Ronald Roepke, der Geschäftsführer der Wasserversorgung Rheinhessen-Pfalz GmbH (wvr) war kürzlich zu Gast bei der Rheinpfalz in Kirchheimbolanden. Auf der Terrasse der Redaktion ging es im Gespräch mit Thomas Behnke um die Situation der Wasserversorgung in der VG und der Stadt Kirchheimbolanden.
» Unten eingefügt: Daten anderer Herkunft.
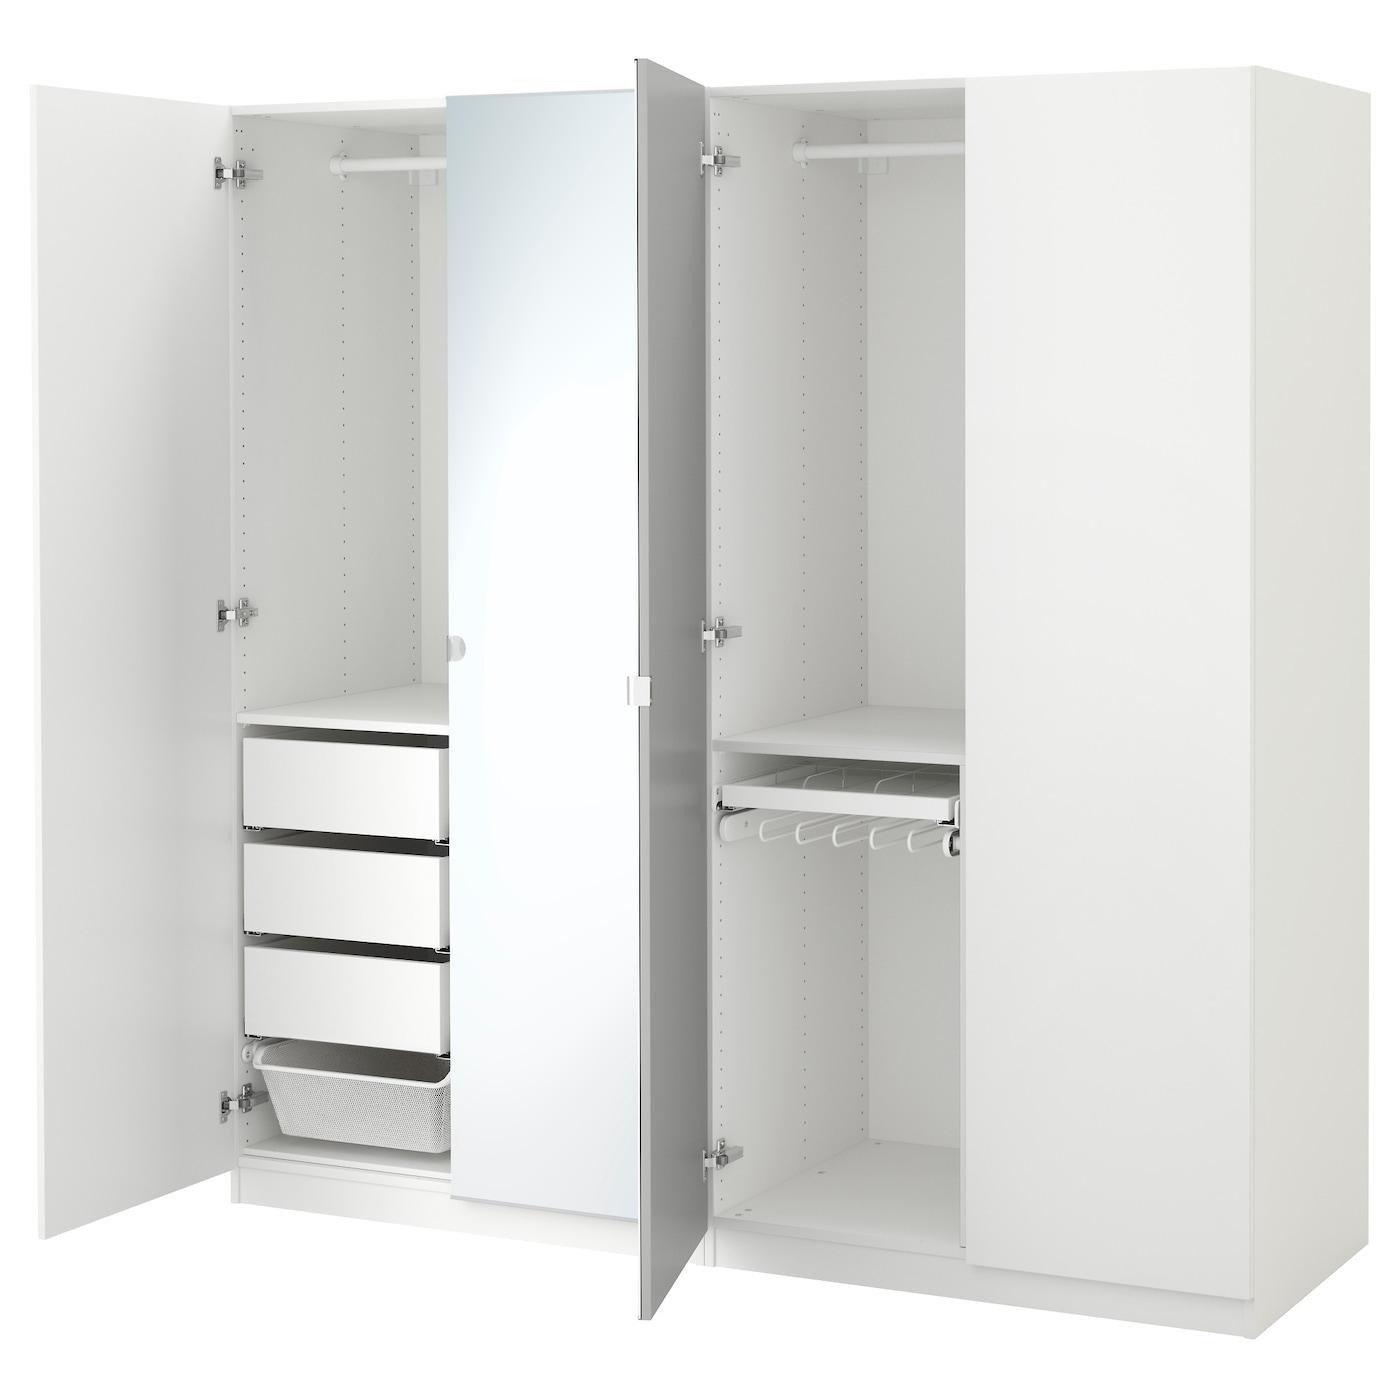 pax wardrobe white forsand vikedal 200x60x201 cm ikea. Black Bedroom Furniture Sets. Home Design Ideas

Ein zentrales Thema war dabei vor allem die im Juni für diese Region ausgesprochene Bitte, sparsamer mit dem Trinkwasser umzugehen. Im letzten Sommer war es nicht nötig gewesen, eine derartige Bitte auszusprechen. Die Wasserversorgung konnte, trotz der Hitze 2018, stets gewährleistet werden. Bei dem Treffen erläuterte Roepke ausführlich die Gründe, die in diesem Jahr zu dieser Situation geführt haben. So sorgten die enorme Hitze und die sehr trockene Witterung für eine überdurchschnittlich hohe Wasserabnahme. Der Hochbehälter Kuhkopf konnte jedoch kurzzeitig nicht durch das Wasserwerk Guntersblum zusätzlich gefüllt werden, aufgrund eines Rohrbruchs in einer der vorgelagerten Leitungen zwischen Ilbesheim und Bischheim.

Auch wenn der Rohrbruch nach einigen Stunden wieder behoben werden konnte, hatte der Wasserspeicher Probleme, den Füllstand auf einem höheren Niveau wieder zu stabilisieren.

Roepke erläutert, dass dies noch keine Krise gewesen sei, jedoch war es wichtig, in diesem Moment zu handeln und die Kundinnen und Kunden zu dem Thema zu sensibilisieren. Dank deren Mithilfe, den niedrigeren Temperaturen der folgenden Tage und dem Beginn der Ferien war es kurz darauf auch möglich, dass der Wasserpegel im Behälter wieder ein höheres Niveau erreichen konnte.

Wassersituation KIBO 2019

Behnke merkte an, das durch diese Bitte um Sparsamkeit alte Erinnerungen an den heißen Sommer im Jahr 2005 wach gerufen wurden, als man noch nicht Teil der wvr war und im Raum Kirchheimbolanden das Wasser mithilfe von Tankwagen geliefert werden musste, um die Versorgung zu gewährleisten. „So schlimm war es diesmal selbstverständlich nicht“, betont Roepke. „Dennoch wird durch die diese Situation deutlich, wie wichtig es ist, das lokale System durch den überregionalen Verbund der wvr zu stärken.“

So wird die vom Rohrbruch betroffene Leitung noch einmal genauer überprüft, zumal es sich hier um eine wichtige Verbindungsleitung nach Guntersblum handelt. Desweiteren wird eine neue Pumpe in Betrieb genommen, die zukünftig auch ermöglicht, dass der Hochbehälters Kuhkopf mit Wasser aus den Brunnen in Oberwiesen gestützt werden kann.

Vor dem Hintergrund des Klimawandels und des stetigen Bevölkerungswachstums gibt Roepke zusätzlich einen Überblick über einige der zukunftsorientierten Investitionen, die die wvr auf der Agenda hat, um die Versorgungssicherheit auch langfristig gewährleisten zu können.

Vor allem sollen die Wasserbehälter, Brunnen und Anlagen der wvr entsprechend erweitert und gestärkt werden. Ein Beispiel ist der Bau der vierten Wasserkammer in Wintersheim. Hier wurde das Fassungsvolumen von 7.000 auf 20.500 m2 erweitert. Die Gesamtkosten belaufen sich dabei auf 4,1 Millionen Euro. Dies soll einen großen Beitrag dazu leisten, die Versorgung der Bevölkerung in der Zukunft zu stützen und zu sichern.

Veröffentlicht wurde der entsprechende Artikel in der Samstagsaugabe der Donnersberger Rundschau am 27.07.19 unter dem Titel „Robust und solide aufgestellt“.